Bulletin Articles Issue #133 July 2012

“Then one of the twelve, called Judas Iscariot, went unto the chief priest and said unto them, What will ye give me, and I will deliver him (Jesus) unto you? And they covenanted with him for thirty pieces of silver.” (Matthew 26:14-15)

Ever since he “betrayed innocent blood” (Matthew 27:3-4), selling the Lord Jesus to the highest bidder, the name Judas has been a byword, symbolic of the worst form of treachery and deceit known to man. However, though he stands out in history as unique and his crime the most sinister, his sin is still among us.

The man who identifies with and/or supports, in any way, preachers, churches, and ministers which, in their preaching, deliver Christ into the hands of His enemies to do with Him as they will: auctioning Him off to the sinful crowd: selling Him out as a price agreeable to fallen man’s sinful will – that man is a Judas!

Any preacher or pastor, who, to get his people to be faithful, frightens them with the hounds of hell, drives them with the whip of the law, or bribes them with promises of exalted positions and great rewards in heaven – that preacher or pastor is a Judas!

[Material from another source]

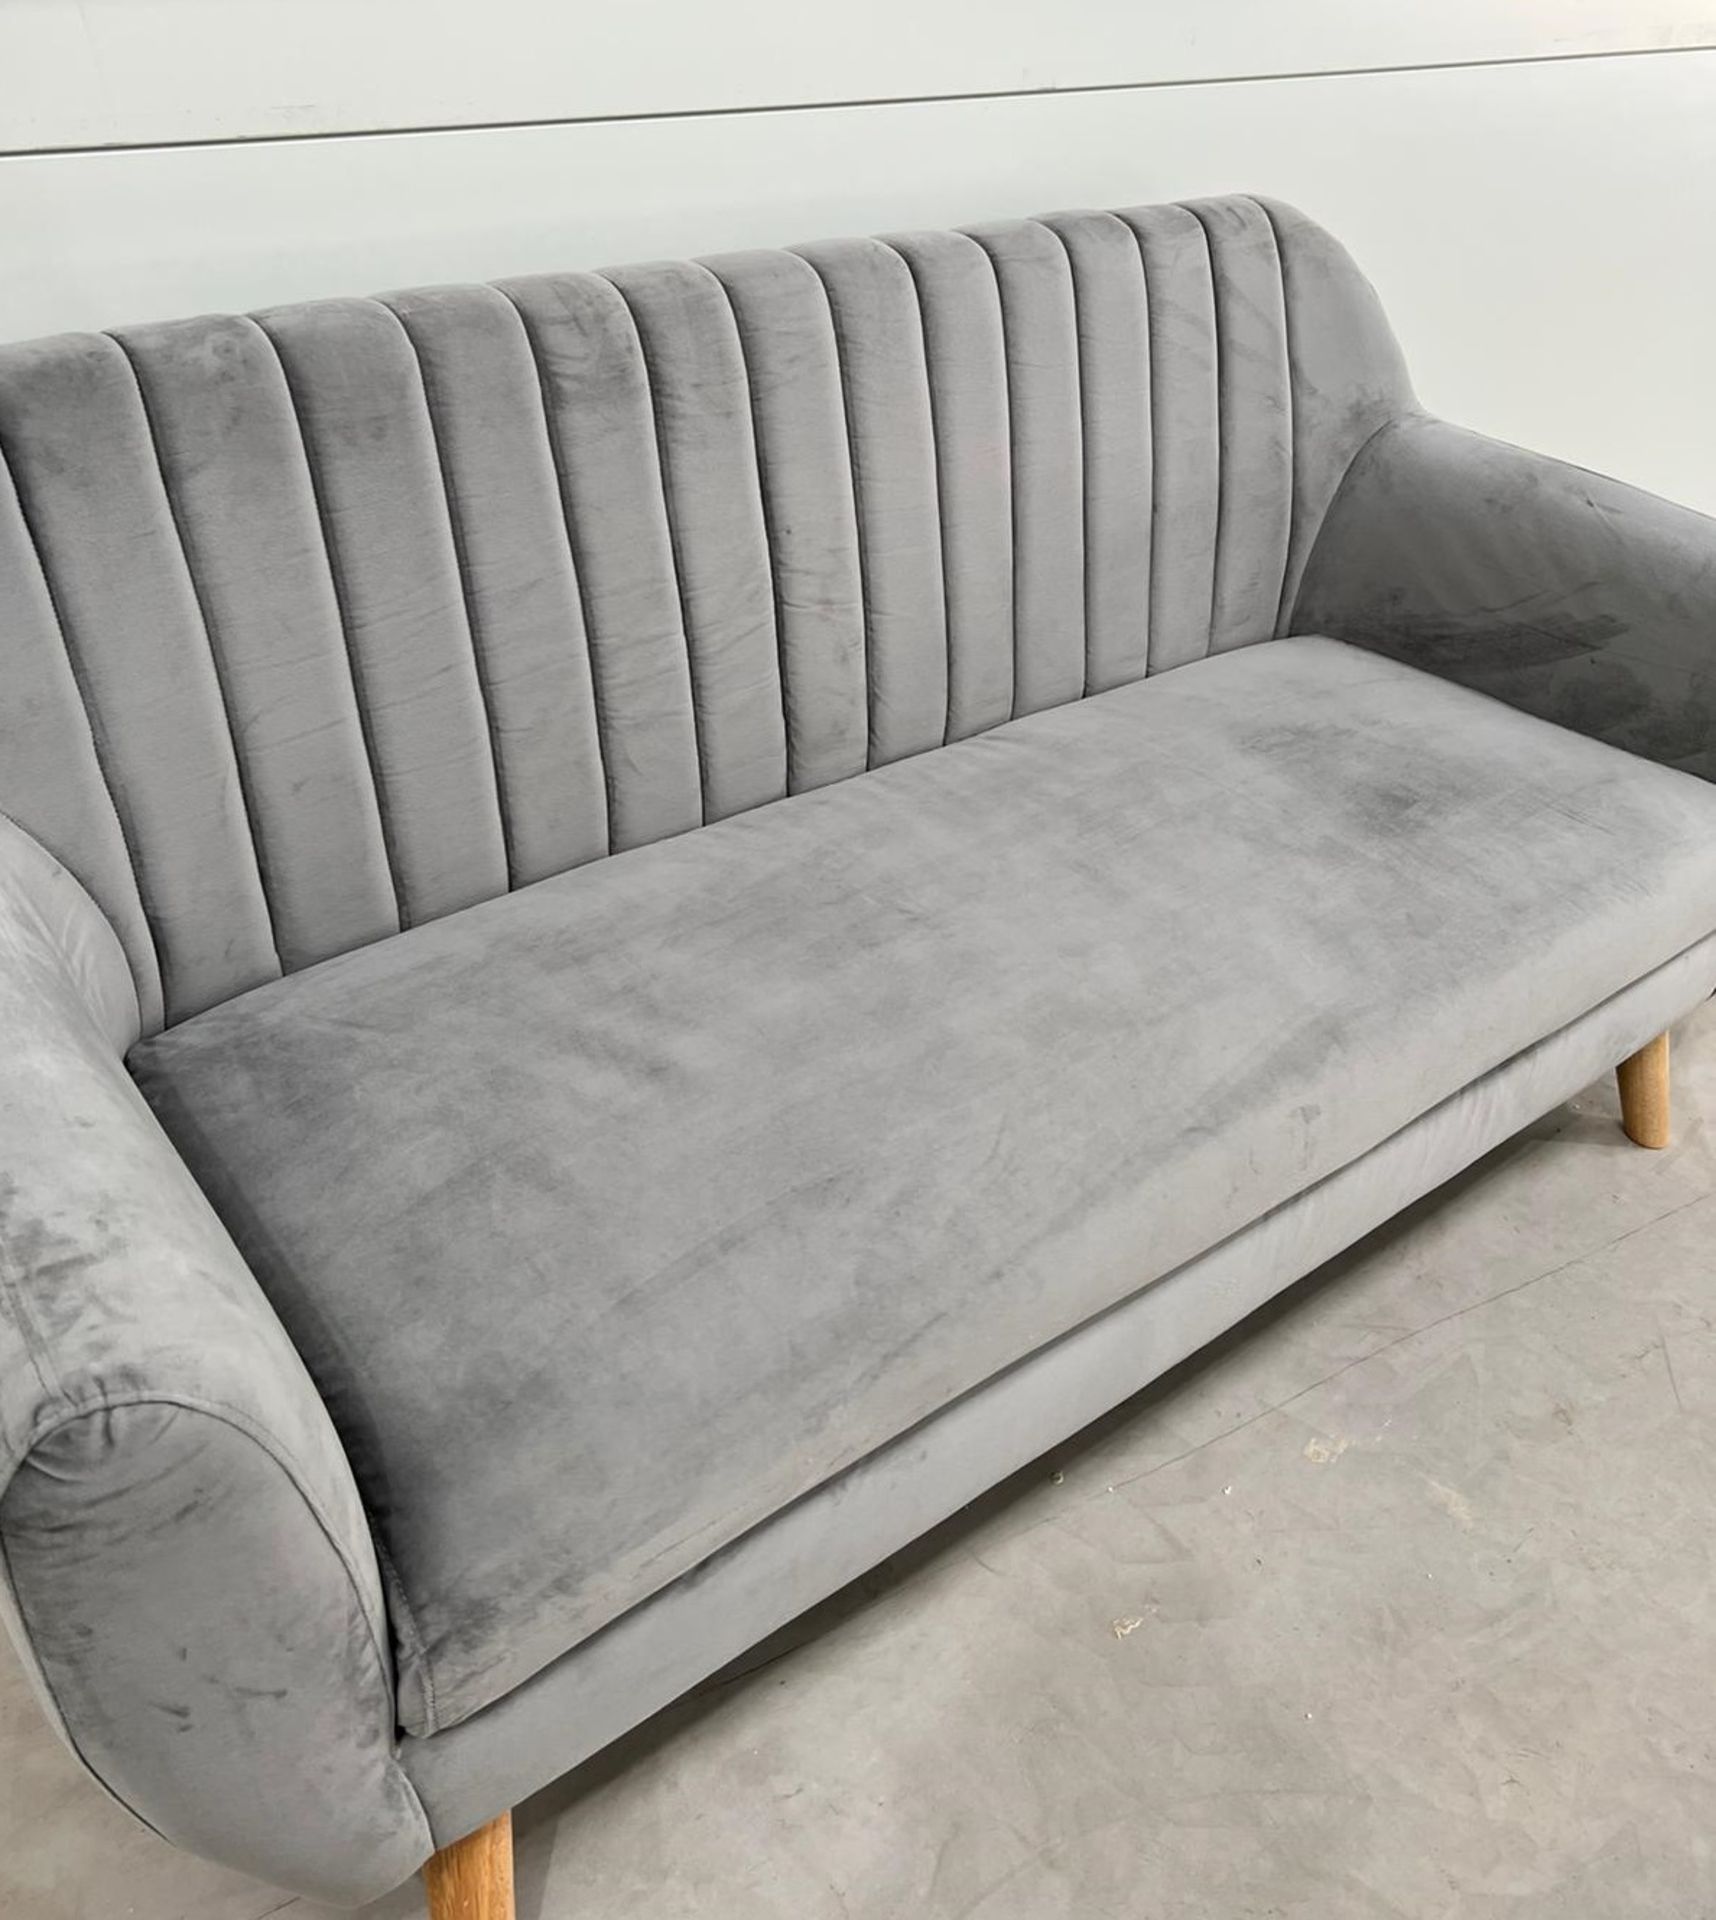 Grey Plush Sofa Make A Striking Impression In Any Home Combination Of Contemporary And Classic - Image 2 of 2

Is the Lord Jesus Christ such an ugly, unattractive, undesirable Husband, that His bride will not love nor serve Him unless she is driven or bribed? What a dishonoring thought! What a blasphemous thought! Those who truly know the Lord Jesus, love Him, desire to honor and serve Him, do these things as willing and thankful servants, constrained by the knowledge of His great love for them, and the love which they have for Him (2 Cor. 5:14, I John 4:19).

To all who know Him, Christ is “Altogether lovely” and desired above any other, and all else.

Jack Shanks

Betraying Christ with a kiss

Judas betrayed his Master with a KISS! He came to the Lord with evil in his heart, the price of a compromise in his hand, religious devils at his side, and said, “Hail Master”, as he planted a KISS on the Lord’s cheek!

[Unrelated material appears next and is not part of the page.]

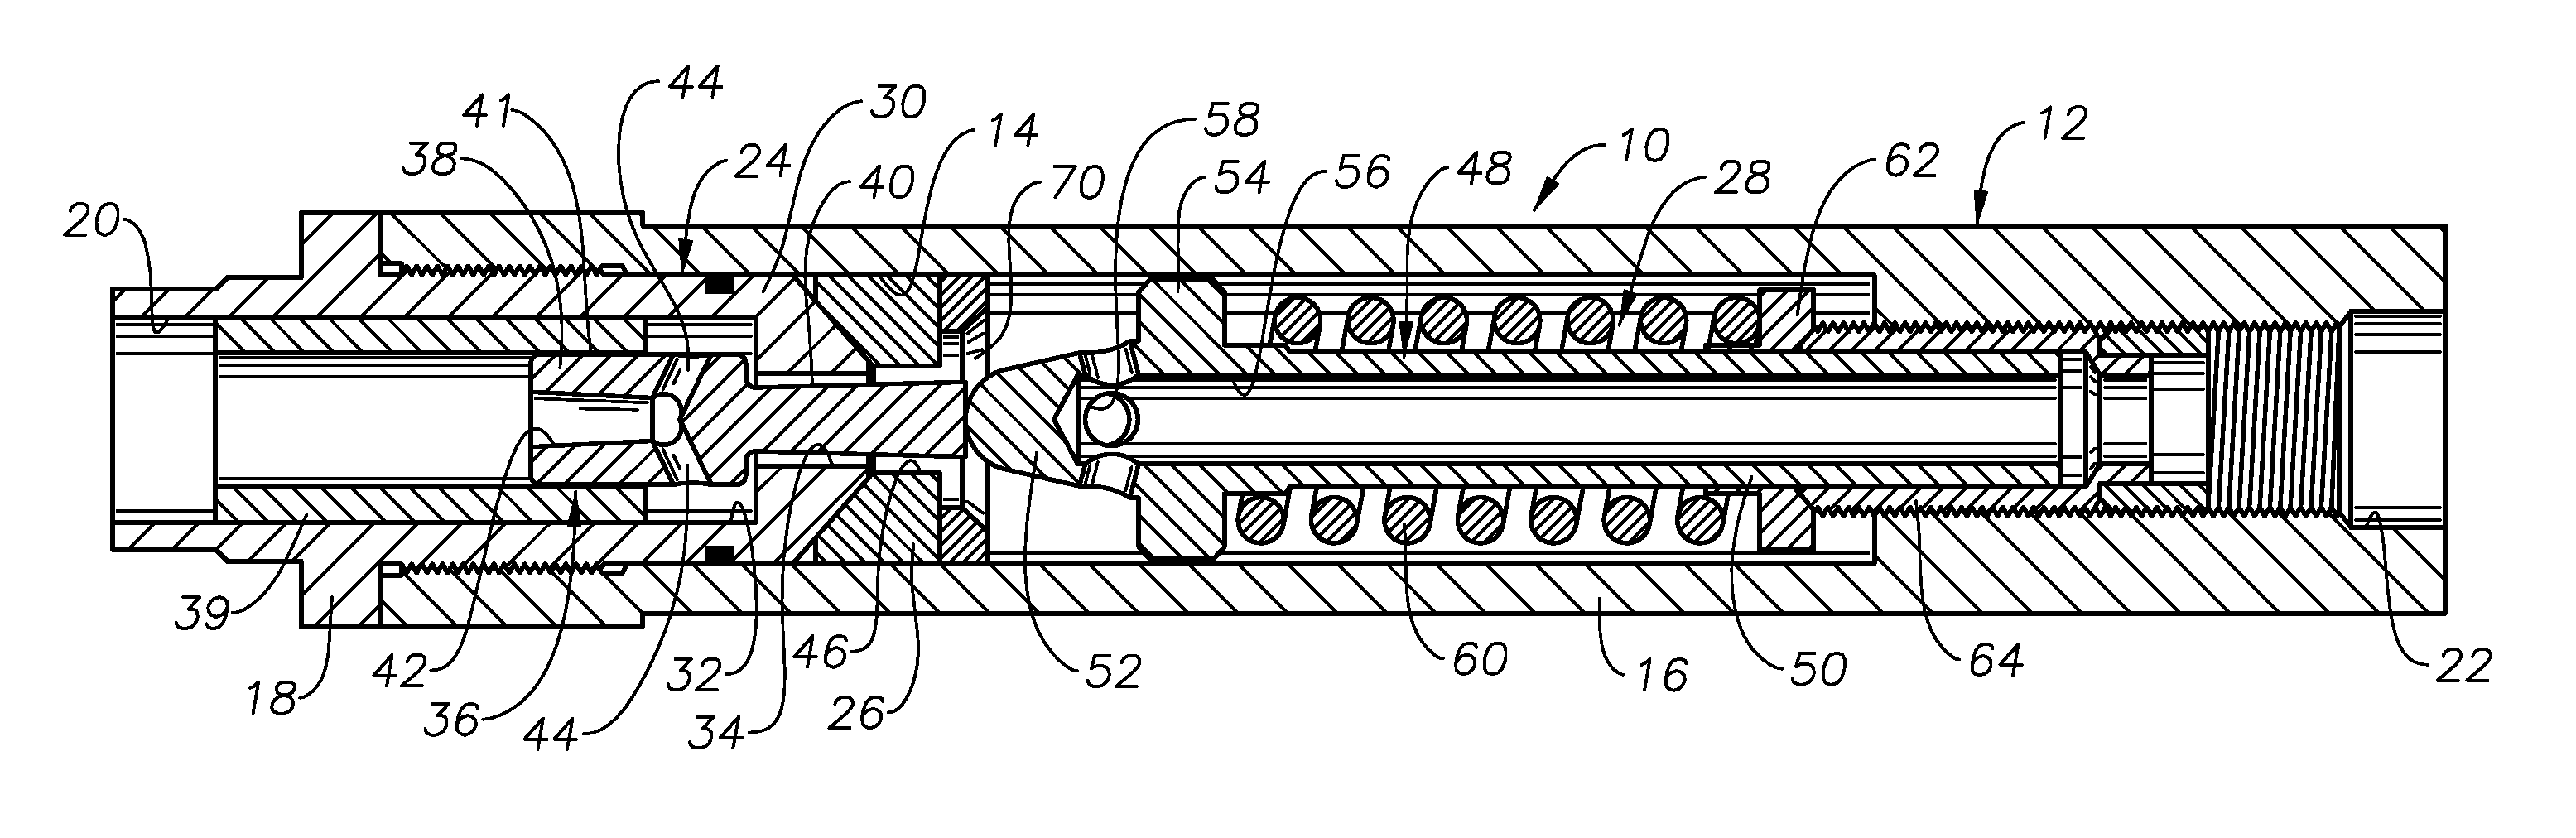 Valve for Use in Chemical Injectors and the Like

This is how most apostates and compromisers operate: they betray the Son of God and the Gospel of grace WITH A KISS. They talk of love, humility, morality, and sugar and spice while they sell out to the religious world and betray the Sovereign Son of God. Men watch their pretended affection and hear their words, “Hail Master”, spoken so softly, smoothly, humbly, and sweetly, and they say, “Can such devout people be ENEMIES of the Lord?”

Do not be deceived; sometimes the most devout looking, religious people can be the most hypocritical in the world. Do not be deceived by their kisses. LISTEN TO THEIR GOSPEL! Peter, bearing the sword, had more grace than Judas, who came with a kiss. –Henry Mahan.

An apostolic face and a Judas heart
(Letters of J. C. Philpot)

Many think that a minister is exempt from such
coldness, deadness, and barrenness, as private
Christians feel. And the hypocritical looks and
words of many of Satan’s ministers favor this
delusion. Holiness is so much on their tongues,
and on their faces, that their deluded hearers
necessarily conclude that it is in their hearts.

But, alas! nothing is easier or more common,
than an apostolic face and a Judas heart.

Most pictures that I have seen of the “Last Supper”
represent Judas with a ferocious countenance. Had
painters drawn a holy, meek-looking face, I believe
they would have given a truer resemblance.

Many pass for angels in the pulpit, who if the truth
were known, would be seen to be devils and beasts
in heart, lip, and life at home.

“How terrible it will be for you teachers of religious
law and you Pharisees. Hypocrites! You are so careful
to clean the outside of the cup and the dish, but inside
you are filthy–full of greed and self-indulgence! You try
to look like upright people outwardly, but inside your
hearts are filled with hypocrisy and lawlessness.”
Matthew 23:25, 28

—0

He is full—infinitely full!

“The only begotten of the Father—full of grace and truth.” John 1:14

Ah! He is full of grace. Had He not been—I would never have been saved. He drew me when I struggled to escape from His grace; and when at last I came all trembling like a condemned culprit to His mercy-seat, He said, ‘Your sins which are many—are all forgiven—be of good cheer!’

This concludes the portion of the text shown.